Compared with those receiving placebo, people who took the antidepressant escitalopram (sold as Lexapro) were more than two-and-a-half times less likely to have mental stress-induced myocardial ischemia (MSIMI), a heart condition brought on by mental stress. The findings, published in the May 22/29, 2013 issue of the Journal of the American Medical Association, add to the current understanding of how negative emotions affect cardiovascular health.

In myocardial ischemia, the heart muscle does not receive enough blood flow or supply, or the supply does not meet the needs of the heart muscle. Patients with myocardial ischemia often have no noticeable symptoms, but research has shown that emotional stress can trigger such heart conditions.

“Mental stress-induced myocardial ischemia is a serious condition, as patients with the condition tend to have worse heart problems compared to patients without it,” said lead author Wei Jiang, M.D., associate professor of psychiatry and behavioral sciences and internal medicine at Duke. “This study showed for the first time that it is treatable with an emotion-modulating medication.”

MSIMI is diagnosed based on certain changes in the heart: new wall motion abnormality, a reduction in how much blood is pumped out of the heart’s left ventricle, ischemic changes on electrocardiography tests, or a combination of these symptoms.

While MSIMI can be serious, little is known on how to treat it; previous studies looking at interventions for MSIMI were not conclusive based on small sample sizes and conflicting results.

“In order to advance our understanding of improving cardiovascular health, we believe that continued research between the intersection of mental health and cardiovascular disease should be a priority,” said senior author Christopher O’Connor, M.D., director of the Duke Heart Center and chief of the Division of Cardiology.

To better understand how to ease the negative cardiovascular effects brought on by mental stress, Duke researchers led the Responses of Mental Stress Induced Myocardial Ischemia to Escitalopram Treatment (REMIT) study, a randomized, double blind, placebo controlled clinical trial. They enrolled participants with existing coronary heart disease that was in stable condition.

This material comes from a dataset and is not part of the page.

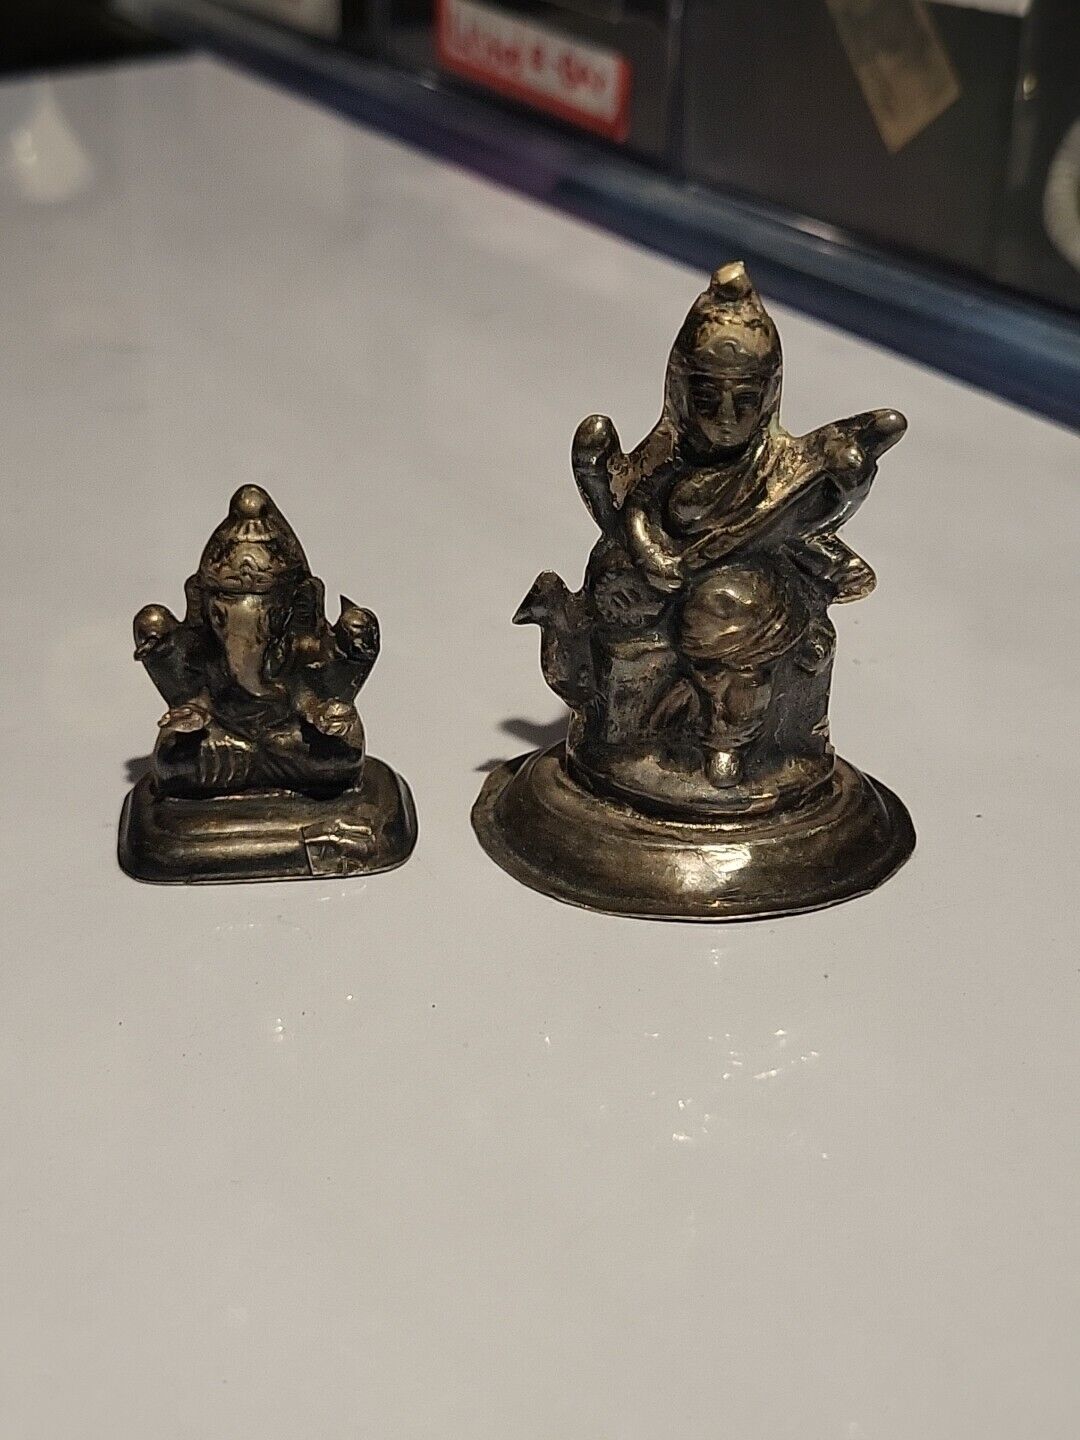 Antique Sterling Silver Figures Laxmi godess statue idol Set Of 2 Figures 1800s

In order to find people experiencing MSIMI, the researchers subjected participants to a common exercise stress test using a treadmill, as well as three mental stress tests: a tricky mental math task, tracing a diagram of a star while looking at hand movement as a reflection in a mirror, and telling a story about a situation that evoked anger or sadness. Echocardiography and electrocardiography testing and blood pressure and heart rate measurements were used to assess heart function during the stress tests.

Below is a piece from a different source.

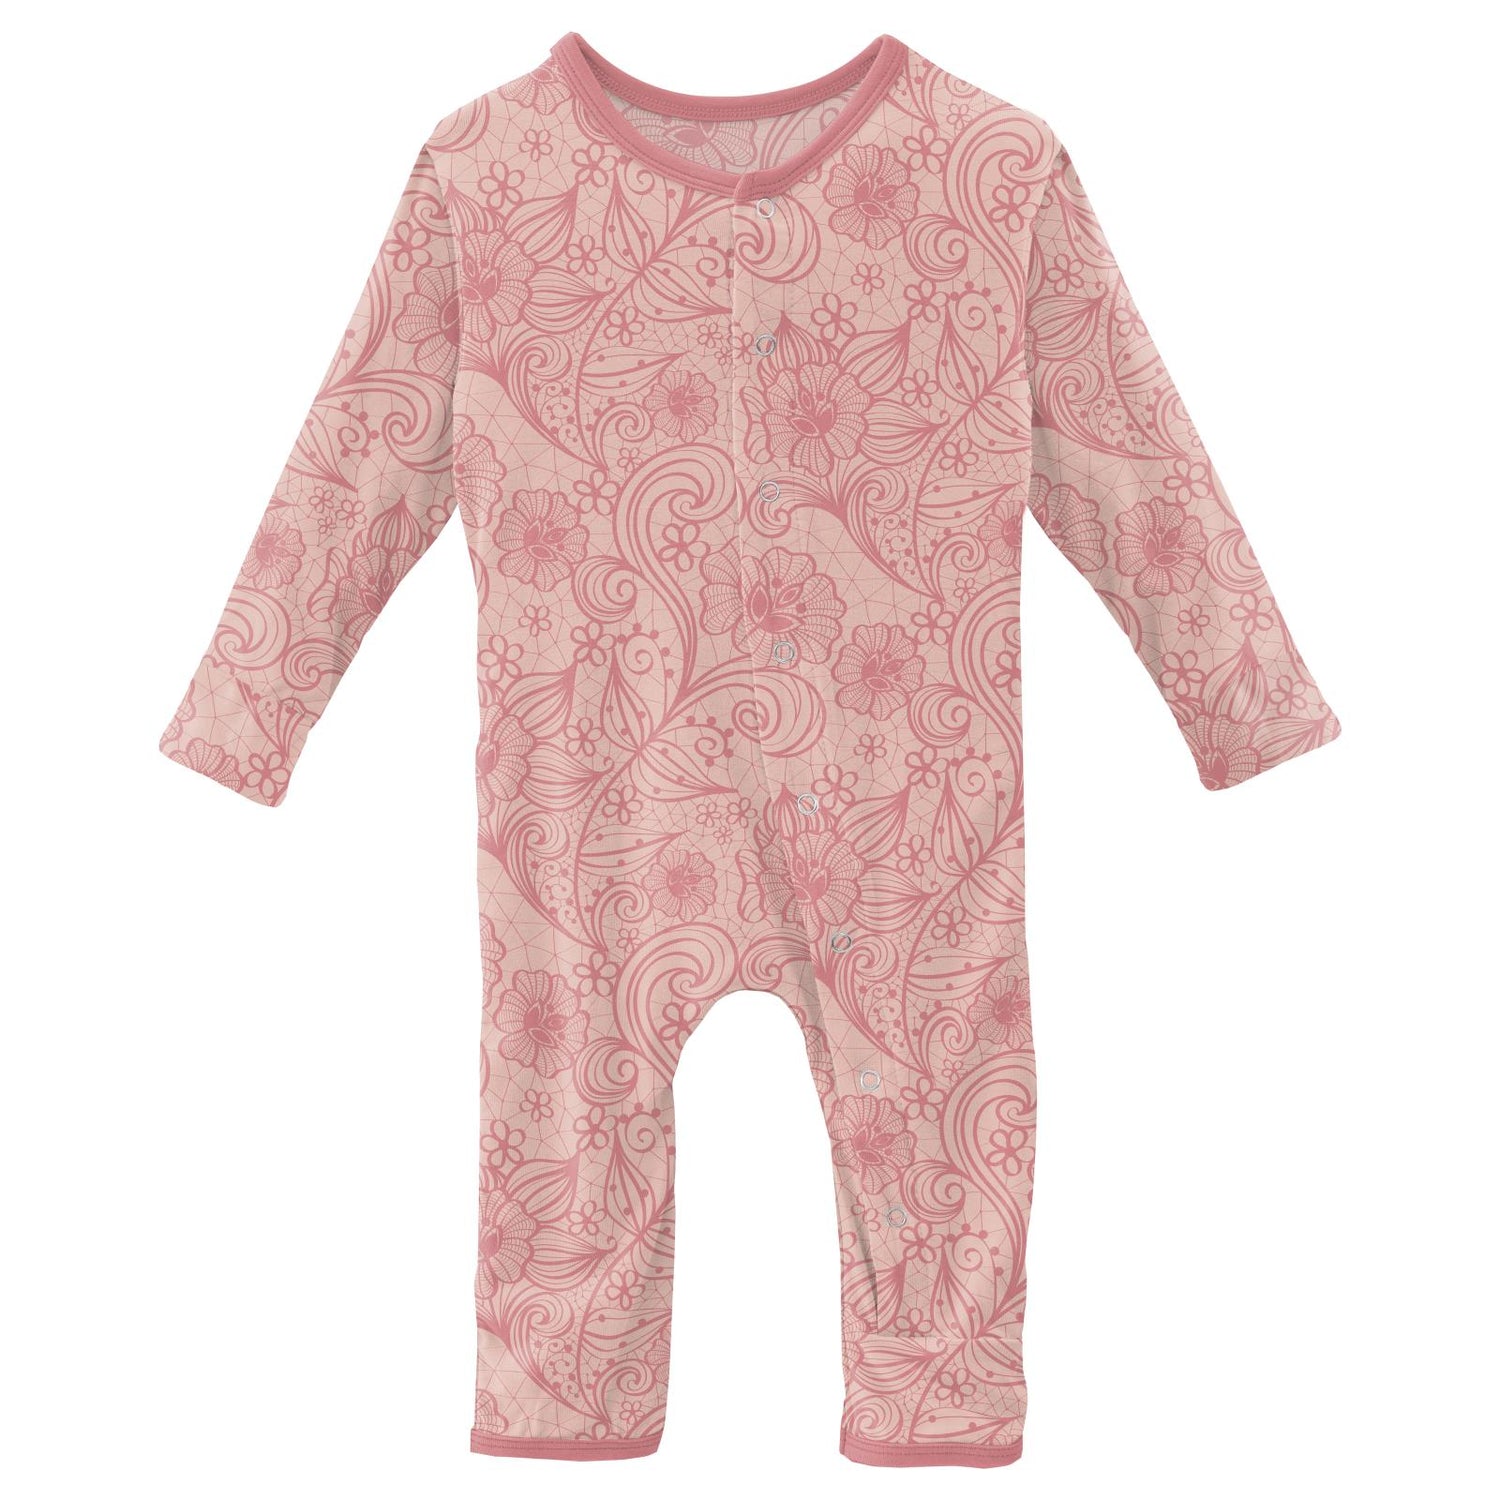 Print Coverall with Snaps in Peach Blossom Lace

Of the 310 participants who were tested, 127 developed MSIMI and were randomized to either receive escitalopram – a selective serotonin reuptake inhibitor (SSRI) used to treat depression and anxiety – or placebo. A total of 112 participants completed the full study and final assessments.

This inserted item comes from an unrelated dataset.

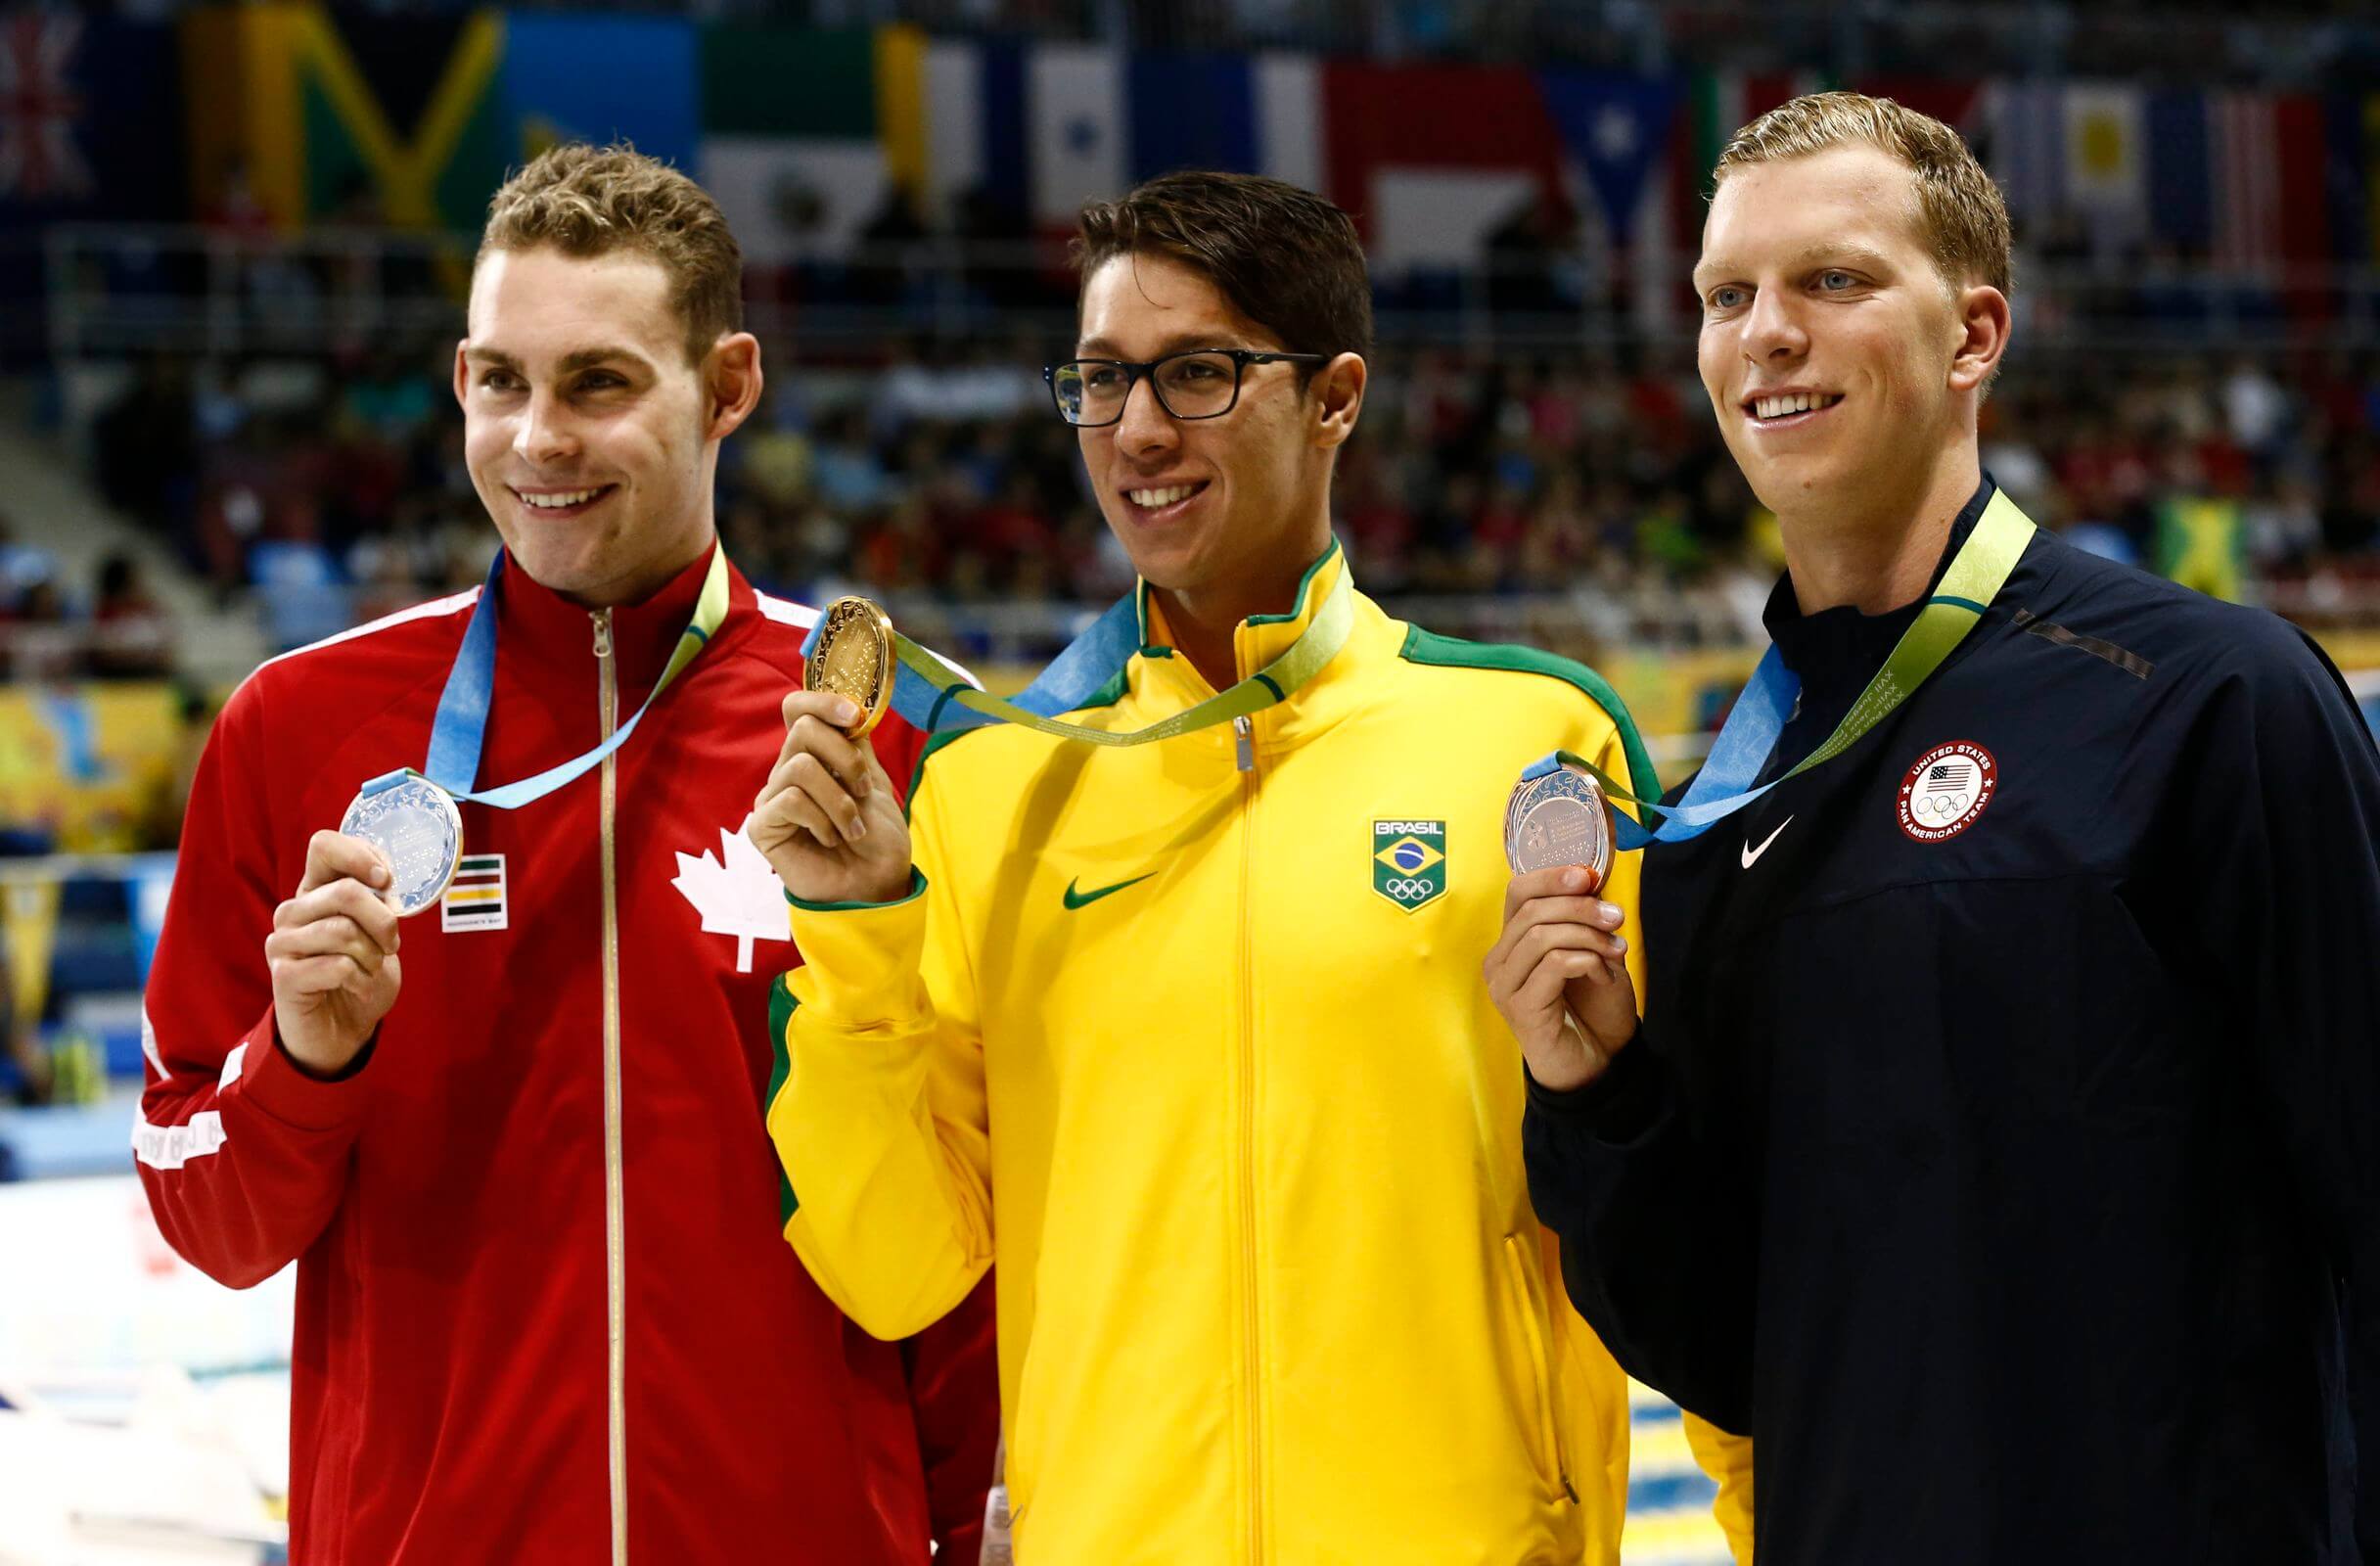 Jul 17, 2015; Toronto, Ontario, CAN; Luke Reilly of Canada (left) , Brandonn Almeida of Brazil (middle) and Max Williamson of the United States (right) pose with their medals after the men's swimming 400m individual medley final the 2015 Pan Am Games at Pan Am Aquatics UTS Centre and Field House. Mandatory Credit: Rob Schumacher-USA TODAY Sports

At the end of the six-week study, the participants underwent the same stress tests and their cardiovascular function was compared to what was measured before taking the medication or the placebo. The researchers observed that those who took escitalopram were 2.62 times less likely to experience MSIMI during the three mental stress tasks compared with those taking placebo.

During the final mental stress tasks, participants in the escitalopram group felt significantly more in control and calmer than those in the placebo group. Taking escitalopram was also associated with several positive changes in cardiovascular markers, including reducing the number of platelet serotonin receptor transporters.

“Our findings support the hypothesis that short-term use of SSRIs improves levels of biomarkers associated with adverse cardiovascular outcomes,” said Jiang.

The study suggests that SSRIs or similar treatments could play an important role in managing coronary heart disease, a finding relevant for physicians and patients at risk for or living with coronary heart disease.

“All physicians treating patients with coronary artery disease need to be aware of how emotional stressors may negatively impact their disease management,” said study author Eric Velazquez, M.D., associate professor of cardiology at Duke. “We should be having conversations with our patients about their lifestyles to gauge their levels of mental stress and whether the coping mechanisms they use are adequate or if more mental health-focused help is needed.”

Additional research is warranted to fully understand the mechanisms behind MSIMI and whether improvements in the condition from taking escitalopram may result in reducing occurrence or recurrence of serious health conditions, including heart attack or angina, stroke, heart failure, or death. A study is also necessary to determine how long escitalopram should be taken, and whether the participants already achieved the maximum benefit at six weeks.

In addition to Jiang, O’Connor, and Velazquez, researchers include Maragatha Kuchibhatla, Zainab Samad, Stephen H. Boyle, Cynthia Kuhn, Richard C. Becker, Thomas L. Ortel, Redford B. Williams, Jr. and Joseph G. Rogers.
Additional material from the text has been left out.